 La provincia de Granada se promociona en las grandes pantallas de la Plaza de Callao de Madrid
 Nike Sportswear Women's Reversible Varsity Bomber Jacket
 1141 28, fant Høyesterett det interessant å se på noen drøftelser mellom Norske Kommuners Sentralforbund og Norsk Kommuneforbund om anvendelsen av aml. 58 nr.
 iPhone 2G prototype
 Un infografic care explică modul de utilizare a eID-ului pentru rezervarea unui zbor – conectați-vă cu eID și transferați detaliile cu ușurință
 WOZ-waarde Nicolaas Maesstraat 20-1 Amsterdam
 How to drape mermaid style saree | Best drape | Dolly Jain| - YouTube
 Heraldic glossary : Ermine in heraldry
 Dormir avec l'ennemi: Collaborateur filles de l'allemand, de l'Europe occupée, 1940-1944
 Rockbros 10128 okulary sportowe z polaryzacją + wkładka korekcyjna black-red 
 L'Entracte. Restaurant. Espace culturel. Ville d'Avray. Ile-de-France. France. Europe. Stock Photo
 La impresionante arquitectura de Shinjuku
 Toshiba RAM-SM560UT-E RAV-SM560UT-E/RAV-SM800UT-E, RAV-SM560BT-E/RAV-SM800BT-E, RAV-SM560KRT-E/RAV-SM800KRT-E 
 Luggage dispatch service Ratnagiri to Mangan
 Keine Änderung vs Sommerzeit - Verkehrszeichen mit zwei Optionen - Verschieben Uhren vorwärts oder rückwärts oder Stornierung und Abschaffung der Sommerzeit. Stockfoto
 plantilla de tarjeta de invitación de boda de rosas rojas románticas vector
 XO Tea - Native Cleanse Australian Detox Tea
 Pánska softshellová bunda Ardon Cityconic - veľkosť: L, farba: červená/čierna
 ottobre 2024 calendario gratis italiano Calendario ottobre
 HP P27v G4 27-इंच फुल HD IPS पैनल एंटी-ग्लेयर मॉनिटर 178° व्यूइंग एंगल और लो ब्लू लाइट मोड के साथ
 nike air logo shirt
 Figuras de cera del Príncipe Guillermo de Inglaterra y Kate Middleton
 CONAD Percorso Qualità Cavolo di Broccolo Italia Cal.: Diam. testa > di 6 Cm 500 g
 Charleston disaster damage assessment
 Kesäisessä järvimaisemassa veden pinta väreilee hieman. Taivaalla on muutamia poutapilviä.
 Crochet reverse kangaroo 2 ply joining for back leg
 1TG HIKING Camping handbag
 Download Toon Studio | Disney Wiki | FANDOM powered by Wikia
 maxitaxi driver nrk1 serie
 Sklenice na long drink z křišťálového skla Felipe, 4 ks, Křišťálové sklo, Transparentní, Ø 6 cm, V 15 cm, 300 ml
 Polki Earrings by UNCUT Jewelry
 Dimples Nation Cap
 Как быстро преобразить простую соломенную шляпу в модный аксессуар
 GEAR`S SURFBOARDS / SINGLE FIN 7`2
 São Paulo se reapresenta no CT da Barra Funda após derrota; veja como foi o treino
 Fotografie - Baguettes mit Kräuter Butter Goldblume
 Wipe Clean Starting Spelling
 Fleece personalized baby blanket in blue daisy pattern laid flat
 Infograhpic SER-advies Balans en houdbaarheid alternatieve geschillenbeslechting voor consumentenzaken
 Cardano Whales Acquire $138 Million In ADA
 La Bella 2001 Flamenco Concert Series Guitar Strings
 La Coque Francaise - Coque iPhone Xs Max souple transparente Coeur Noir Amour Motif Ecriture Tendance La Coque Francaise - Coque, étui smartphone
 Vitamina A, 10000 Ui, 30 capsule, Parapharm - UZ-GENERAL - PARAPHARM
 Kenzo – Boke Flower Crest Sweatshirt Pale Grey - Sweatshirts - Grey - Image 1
· · ·
| How to complete this task |
Please give back only the lines starting with the one that contains "Как быстро преобразить" and ending with the last line of the listing, retyped exactly.

| Finished exercise |
 Как быстро преобразить простую соломенную шляпу в модный аксессуар
 GEAR`S SURFBOARDS / SINGLE FIN 7`2
 São Paulo se reapresenta no CT da Barra Funda após derrota; veja como foi o treino
 Fotografie - Baguettes mit Kräuter Butter Goldblume
 Wipe Clean Starting Spelling
 Fleece personalized baby blanket in blue daisy pattern laid flat
 Infograhpic SER-advies Balans en houdbaarheid alternatieve geschillenbeslechting voor consumentenzaken
 Cardano Whales Acquire $138 Million In ADA
 La Bella 2001 Flamenco Concert Series Guitar Strings
 La Coque Francaise - Coque iPhone Xs Max souple transparente Coeur Noir Amour Motif Ecriture Tendance La Coque Francaise - Coque, étui smartphone
 Vitamina A, 10000 Ui, 30 capsule, Parapharm - UZ-GENERAL - PARAPHARM
 Kenzo – Boke Flower Crest Sweatshirt Pale Grey - Sweatshirts - Grey - Image 1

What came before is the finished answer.